MATERIAL PROVIDED START
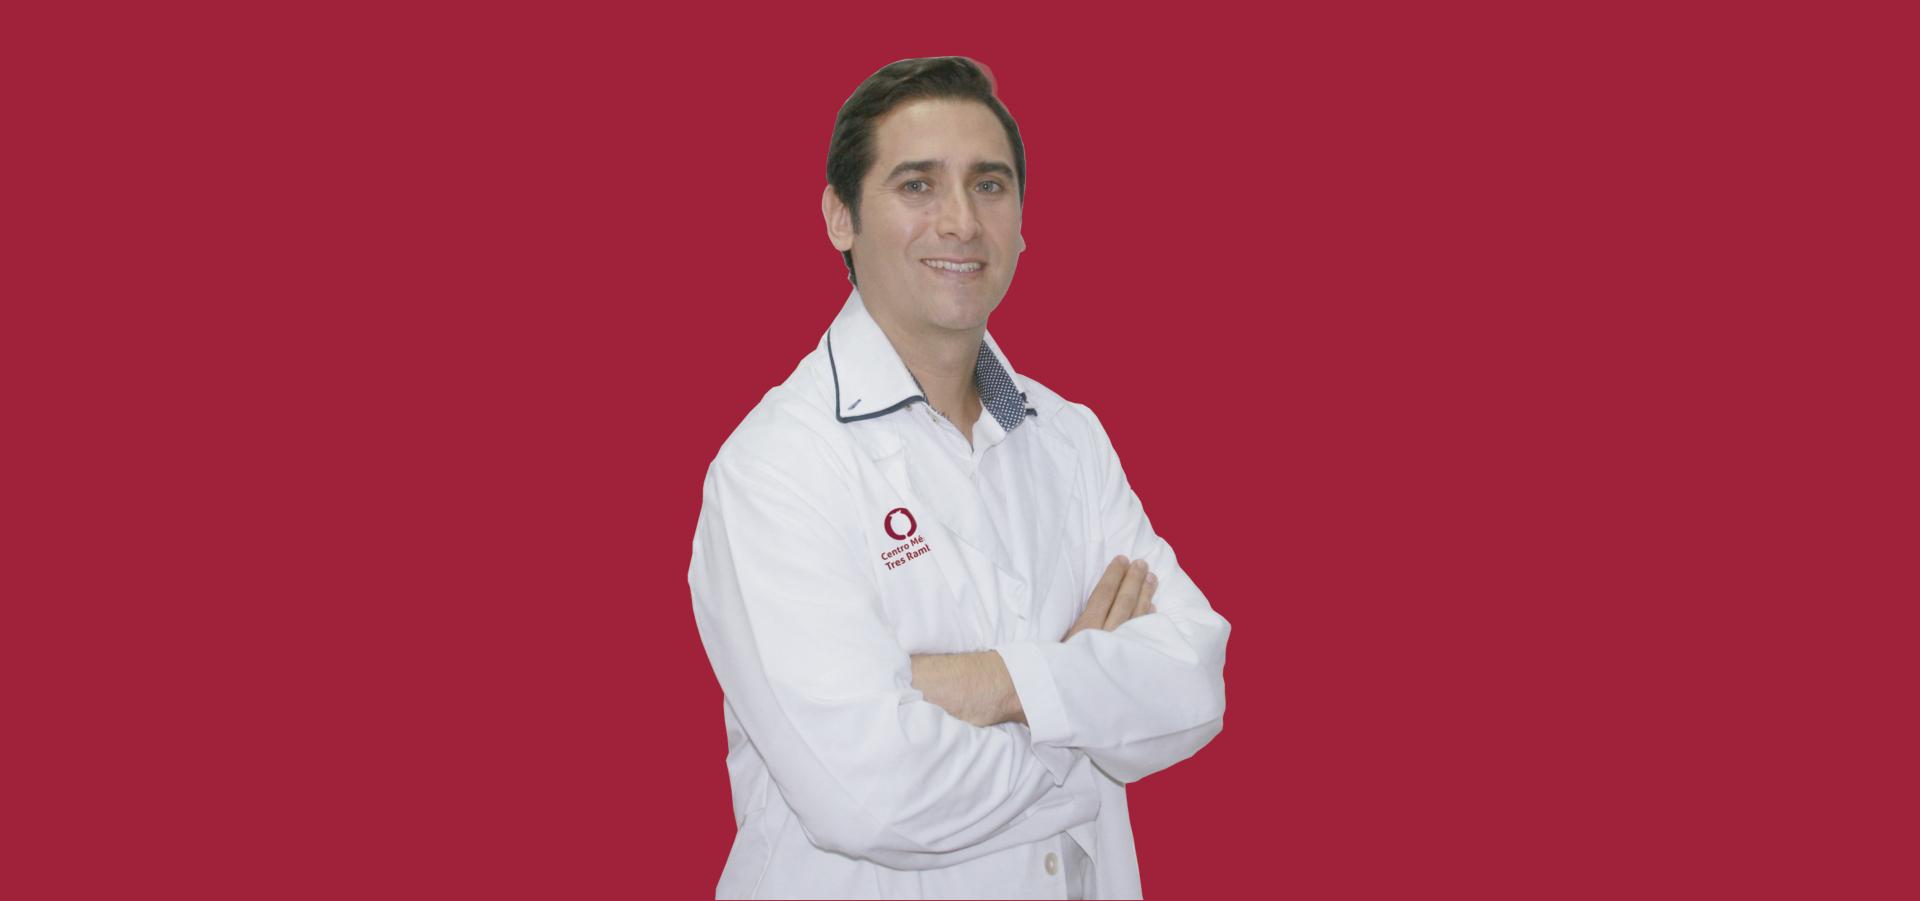 Dr. Felipe Castillo Muñoz
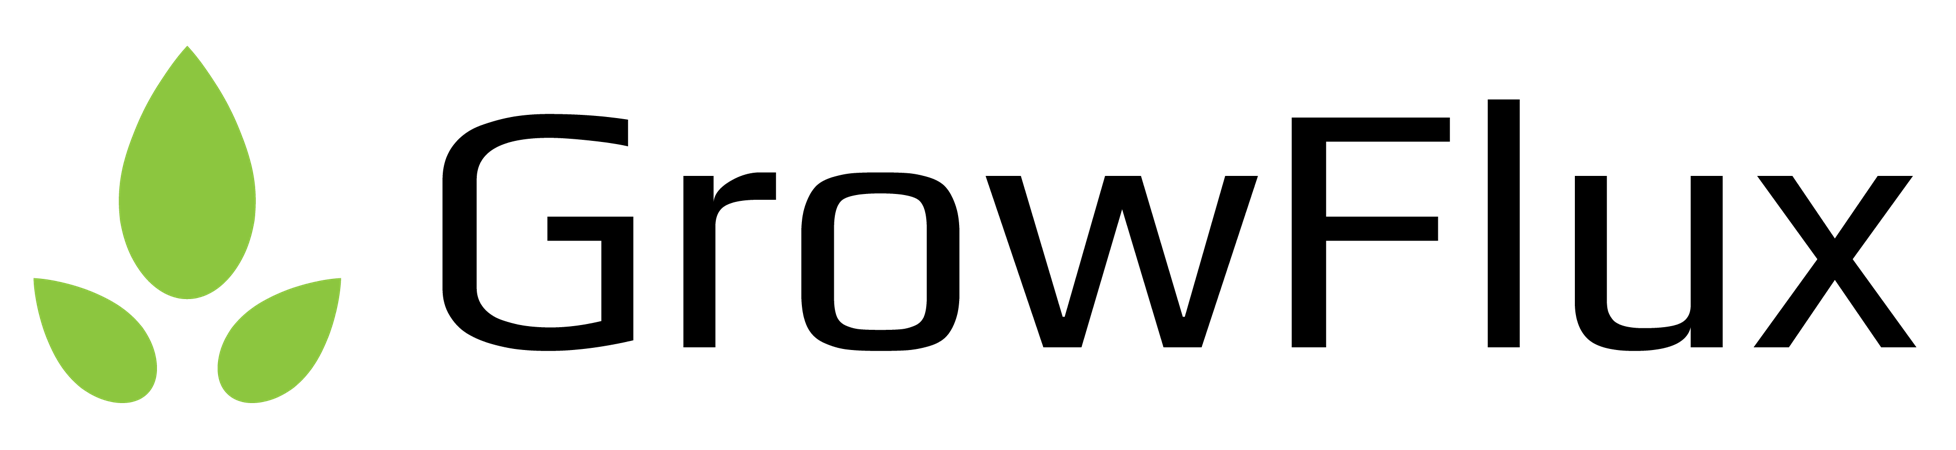 GrowFlux_logo_2.png
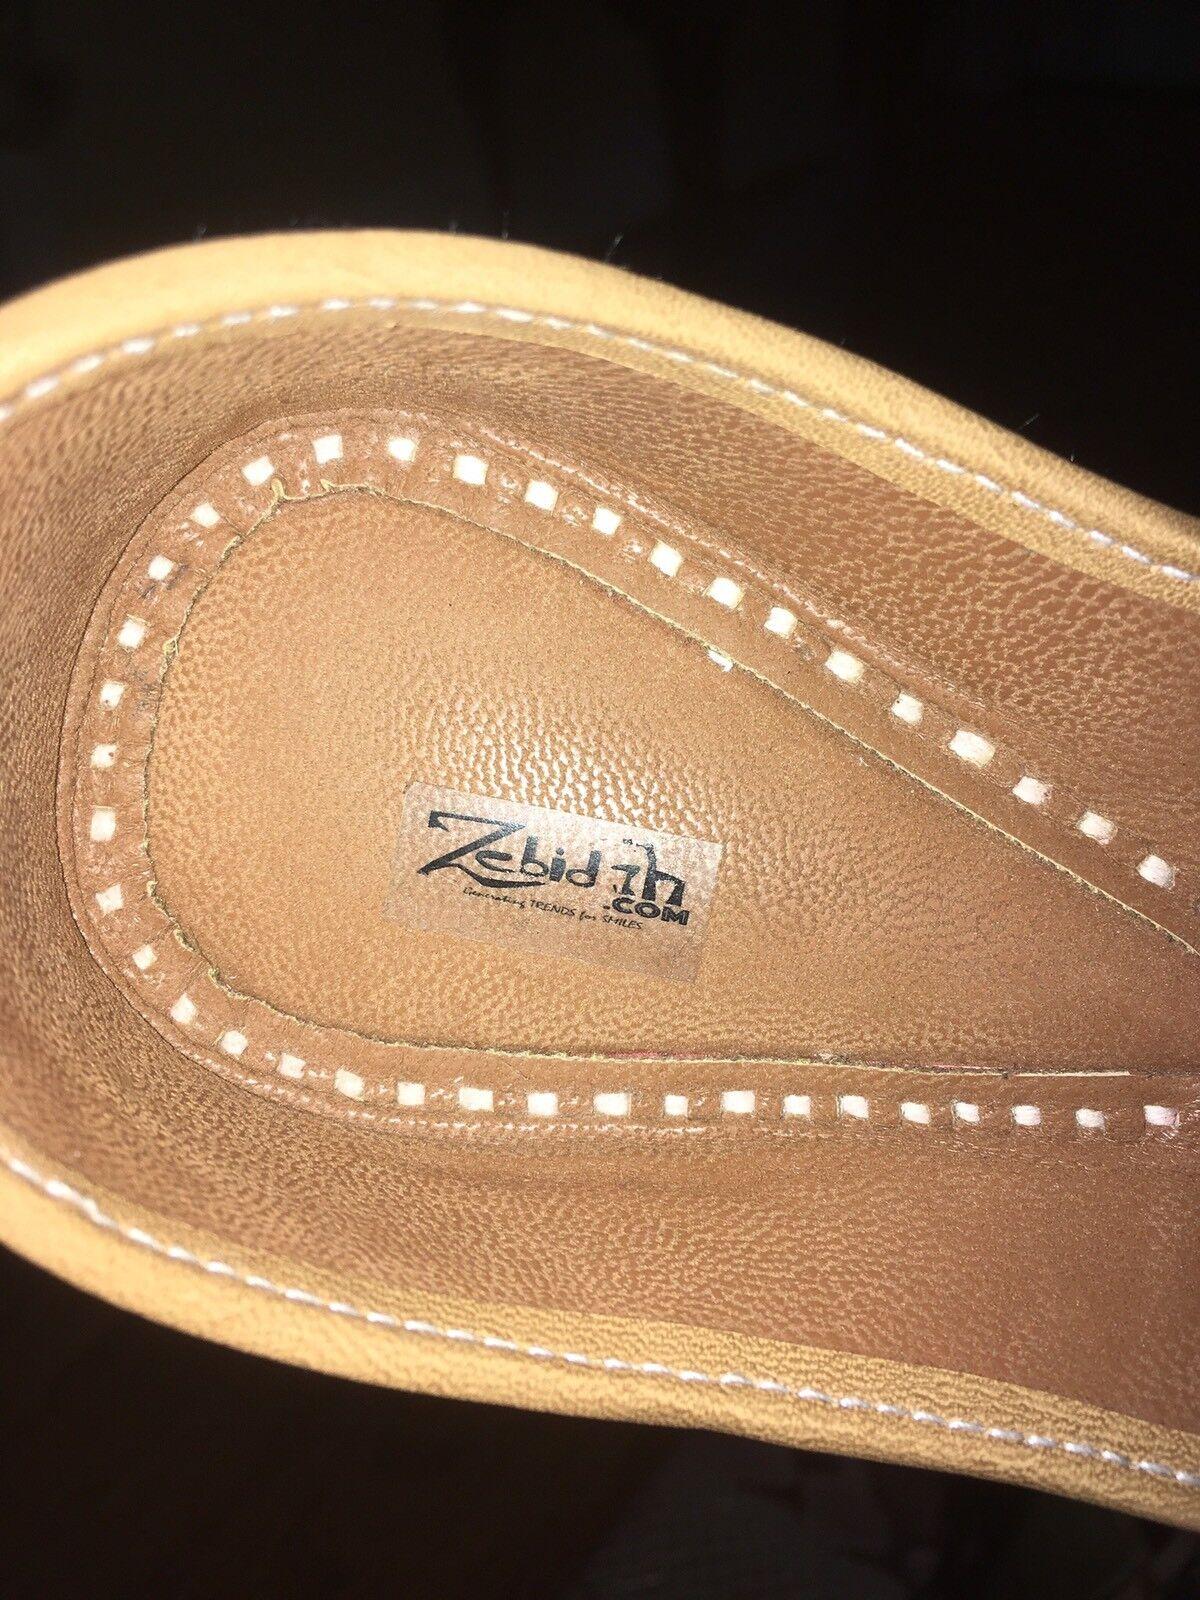 Zebidah Flats, Größe 36 Größe (US Größe 36 5.5) 157b60
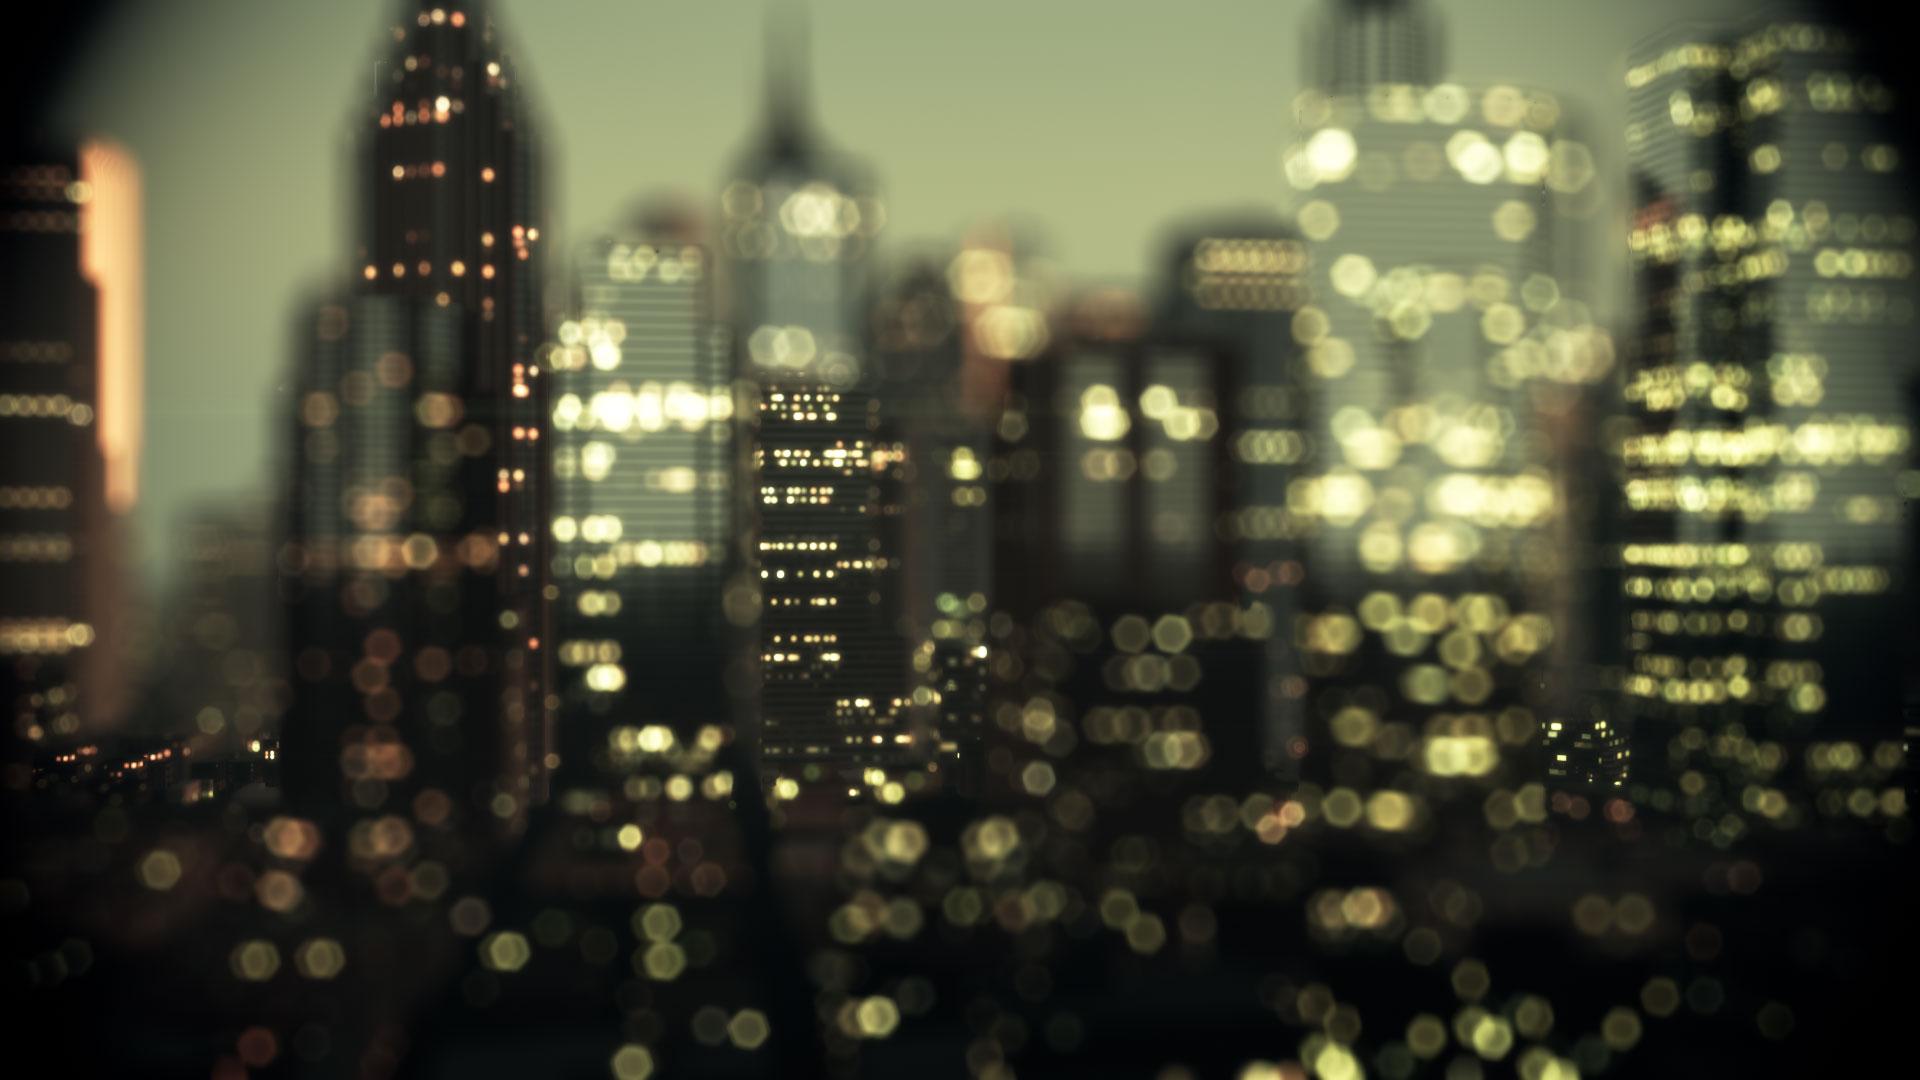 pin city nightlife wallpaper - photo #49
MATERIAL PROVIDED END
TASK:
With the pictures left out, return all the material above exactly.

RESPONSE:
 Dr. Felipe Castillo Muñoz
 GrowFlux_logo_2.png
 Zebidah Flats, Größe 36 Größe (US Größe 36 5.5) 157b60
 pin city nightlife wallpaper - photo #49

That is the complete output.